Alternately, you can continue using connections more directly:

    async with aiosqlite.connect(...) as db:
        cursor = await db.execute('SELECT * FROM some_table')
        row = await cursor.fetchone()
        rows = await cursor.fetchall()
        await cursor.close()

aiosqlite also replicates most of the standard connection properties, as needed for advanced use cases like row or text factories, or for tracking the total number of rows inserted, modified, or deleted:

    async with aiosqlite.connect(...) as db:
        db.row_factory = aiosqlite.Row
        async with db.execute'SELECT * FROM some_table') as cursor:
            value = row['column']

        await db.execute('INSERT INTO foo some_table')
        assert db.total_changes > 0

Details

aiosqlite allows interaction with SQLite databases on the main AsyncIO event loop without blocking execution of other coroutines while waiting for queries or data fetches. It does this by using a single, shared thread per connection. This thread executes all actions within a shared request queue to prevent overlapping actions.

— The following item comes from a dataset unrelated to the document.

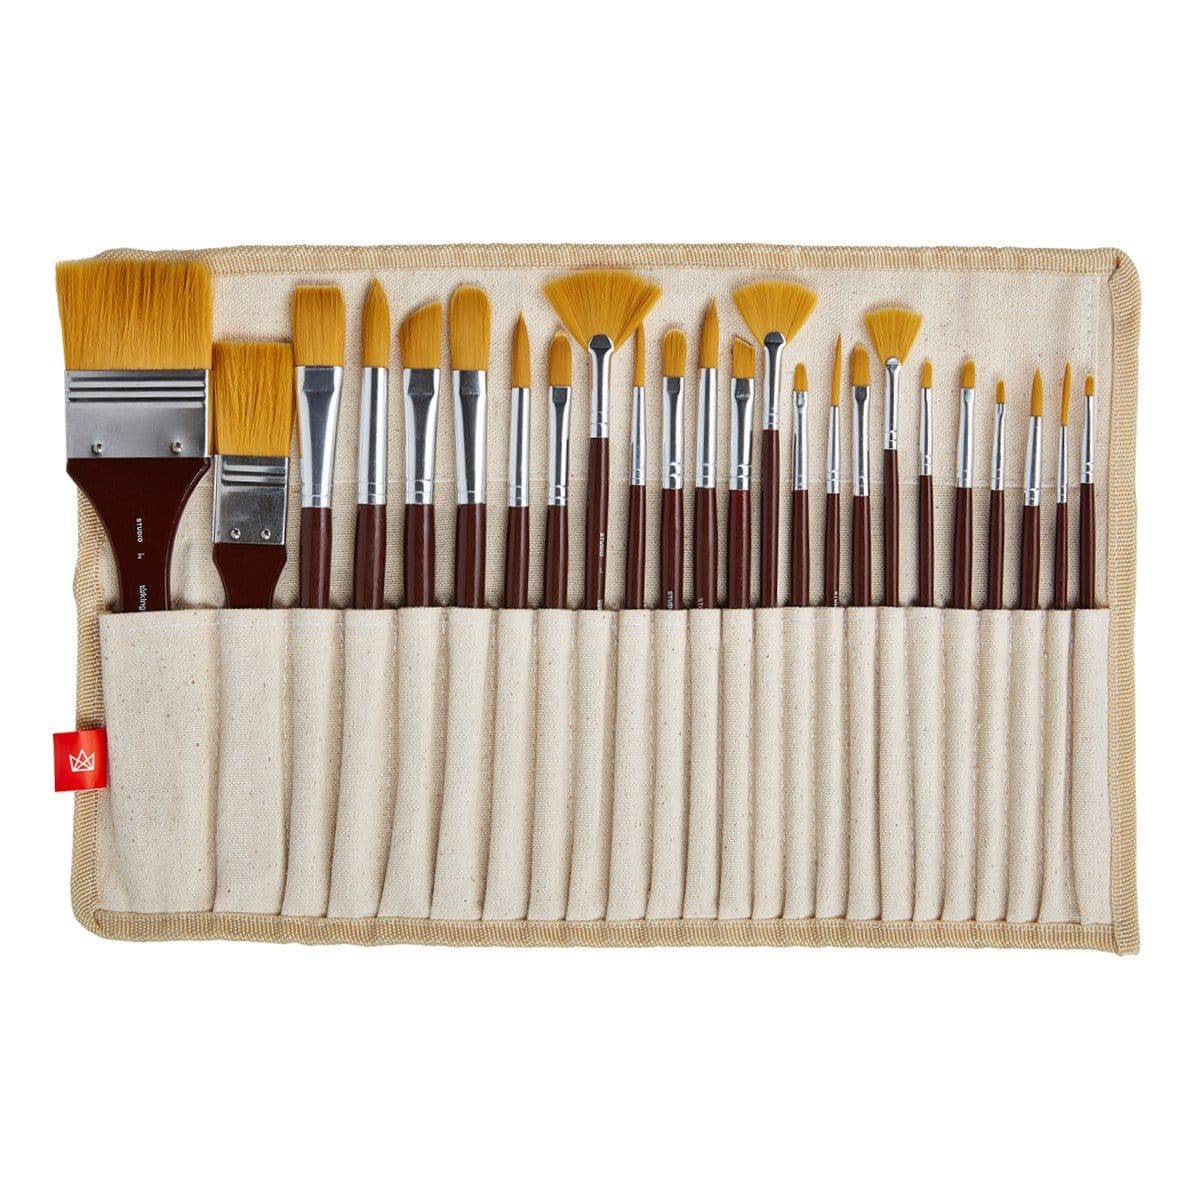 Paint Brushes - 15 Pc Art Brush Set, Short Handle Artist Paintbrushes with  Travel Holder & Free Gift Box

Connection objects are proxies to the real connections, contain the shared execution thread, and provide context managers to handle automatically closing connections. Cursors are similarly proxies to the real cursors, and provide async iterators to query results.

License

aiosqlite is copyright John Reese, and licensed under the MIT license. I am providing code in this repository to you under an open source license. This is my personal repository; the license you receive to my code is from me and not from my employer. See the LICENSE file for details.